With Lee’s two home runs Friday night, Seattle became just the third team in major league history to have a player hit two home runs in four consecutive games. Against Cleveland, Cruz hit two home runs on Tuesday, Iannetta hit two on Wednesday and Cano hit two on Thursday before Lee’s two home runs against Texas on Friday night. The 1998 Chicago Cubs and 2000 Cleveland Indians also accomplished the feat. However, Seattle is the only team to do so with four different players.

TRAINER’S ROOM

Rangers: 3B Adrian Beltre isn’t expected to play in this weekend’s series in Seattle after suffering a strained left hamstring on Wednesday. Beltre was only available in an emergency situation on Friday night. … RHP Yu Darvish threw a bullpen session on Friday and is on schedule to start Monday against Oakland.
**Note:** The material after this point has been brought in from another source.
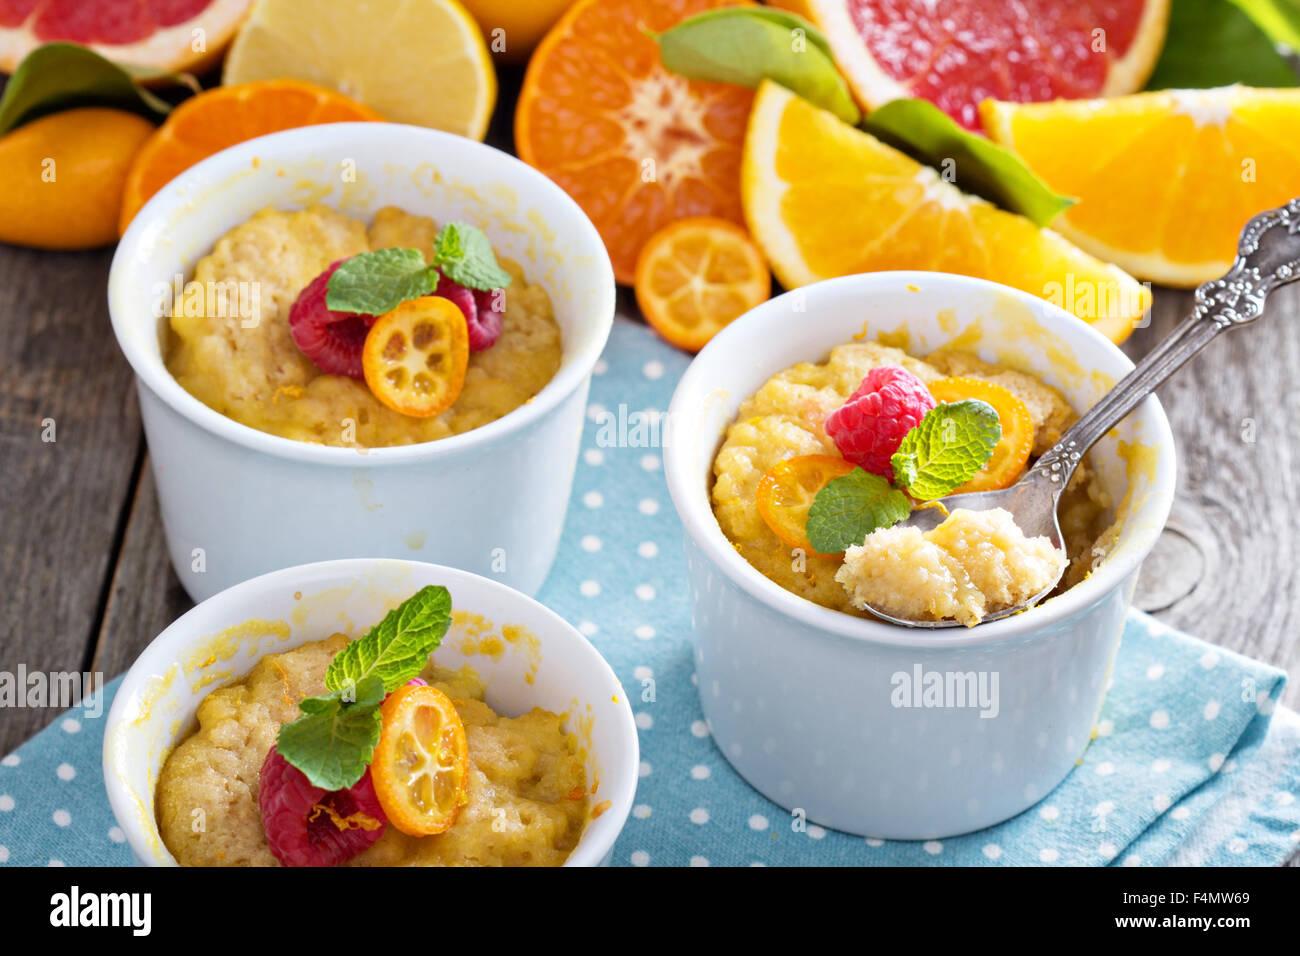 Citrus pudding in white ramekins with oranges, grapefruit, kumquats and raspberries - Stock Image
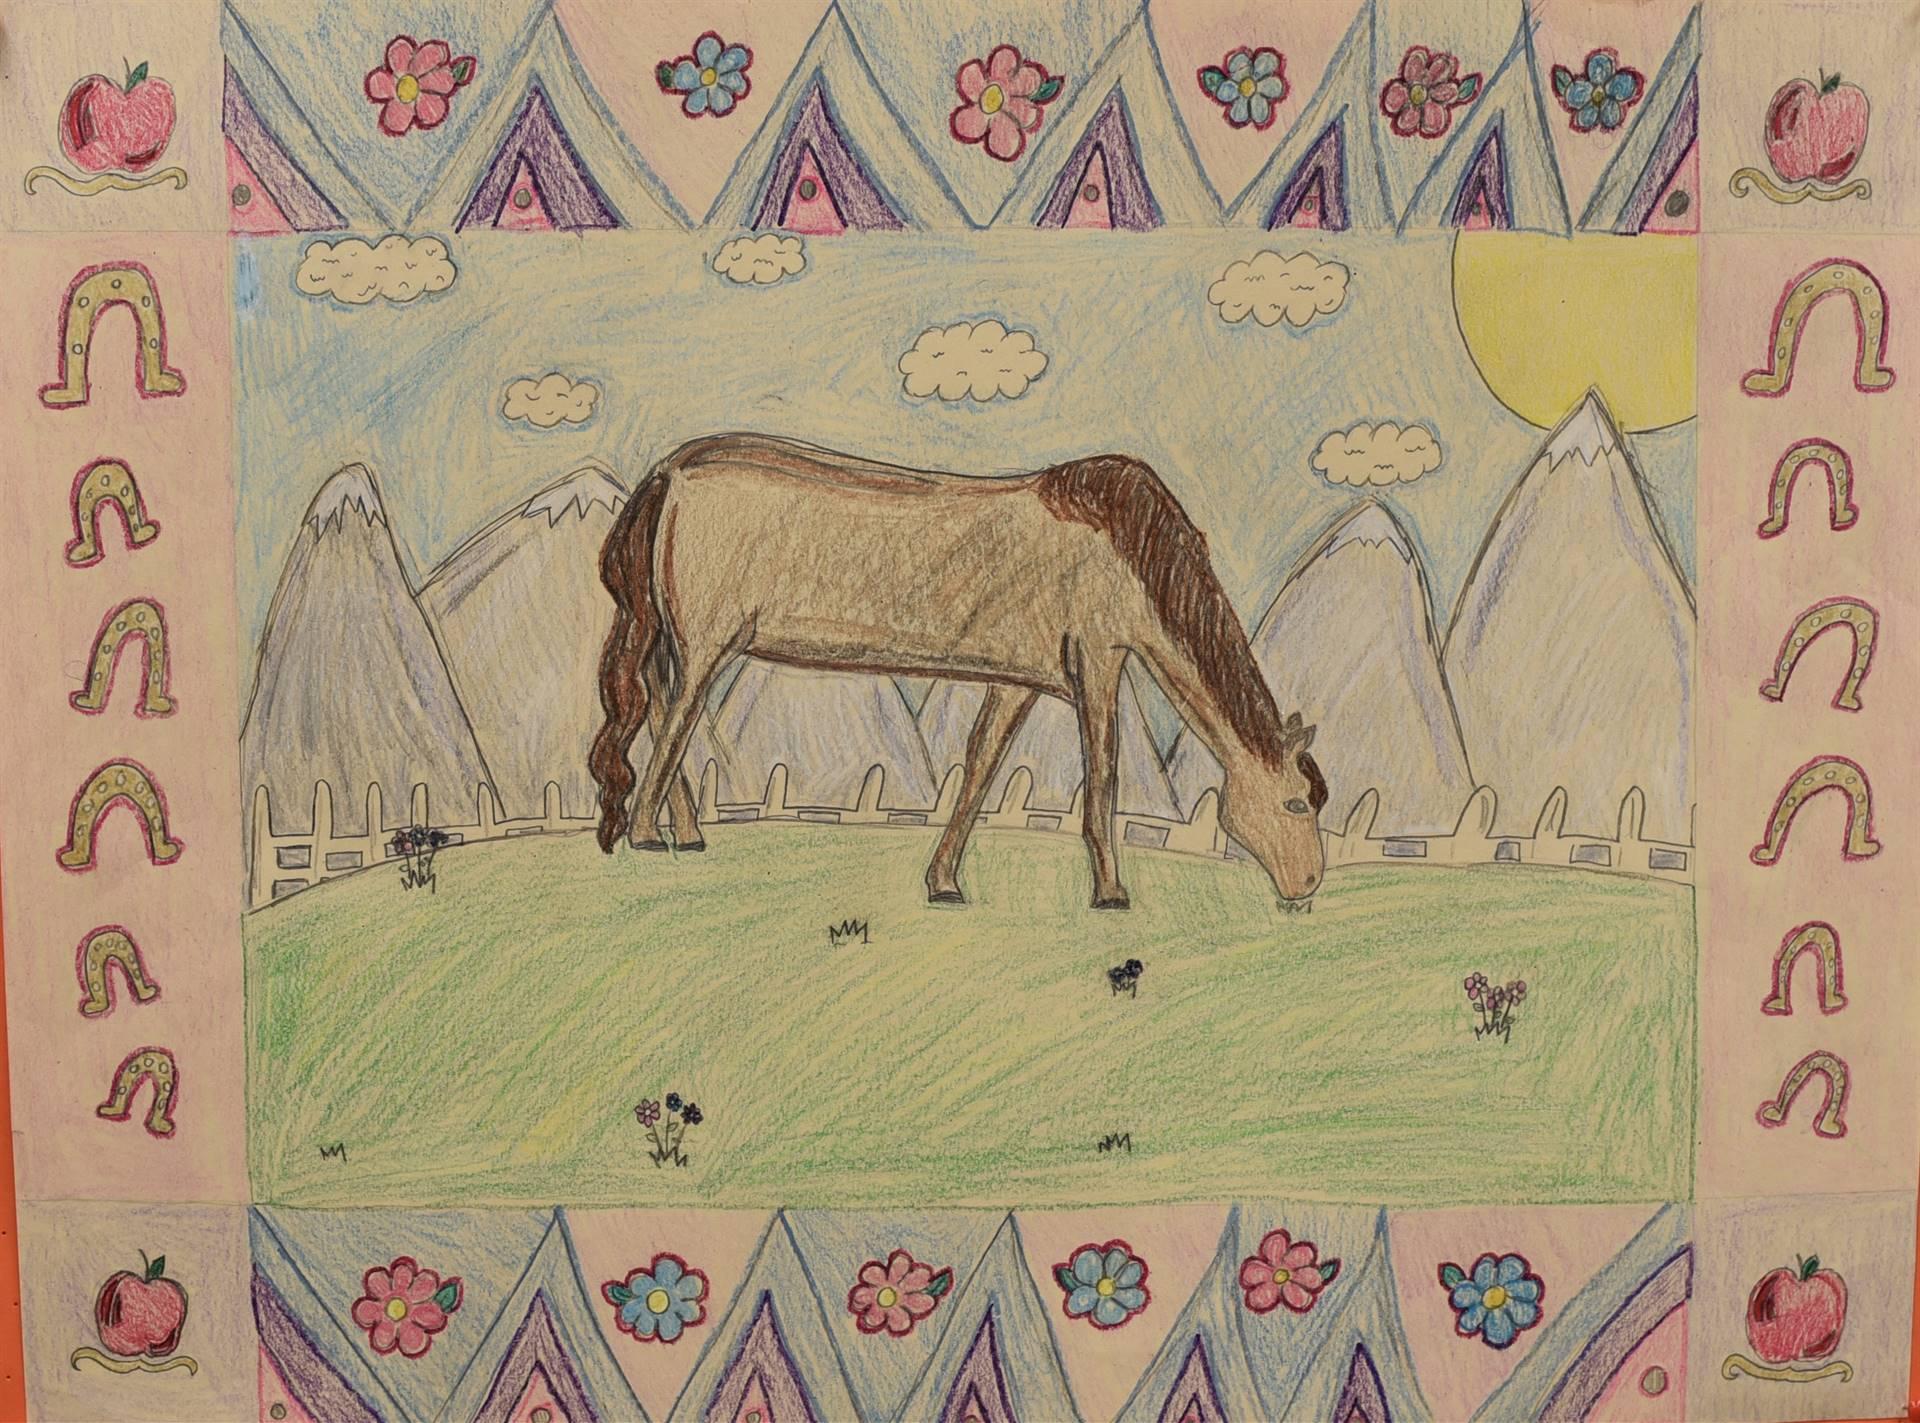 Brecksville-Broadview Hts. Middle School Art Projects 102

He left Wednesday’s start early due to neck soreness. … OF Shin-Soo Choo (hamstring) is scheduled to play two rehab games Friday and Saturday with Triple-A Frisco. If all checks out, Choo could come off the DL on Monday in Oakland.

UP NEXT

Rangers: RHP Colby Lewis (5-0, 3.20 ERA) has a 1-0 record with four runs allowed in 12 innings in two starts against Seattle this season. Took a no-decision in his last start against Houston, allowing four runs, three earned, and eight hits over six innings.

Mariners: LHP James Paxton (0-2, 3.72 ERA) will make his third start of the season after being called up to replace an injured Felix Hernandez in the Mariners’ rotation. Despite taking the loss, Paxton pitched well last time out against Cleveland. He allowed one earned run and five hits with 10 strikeouts.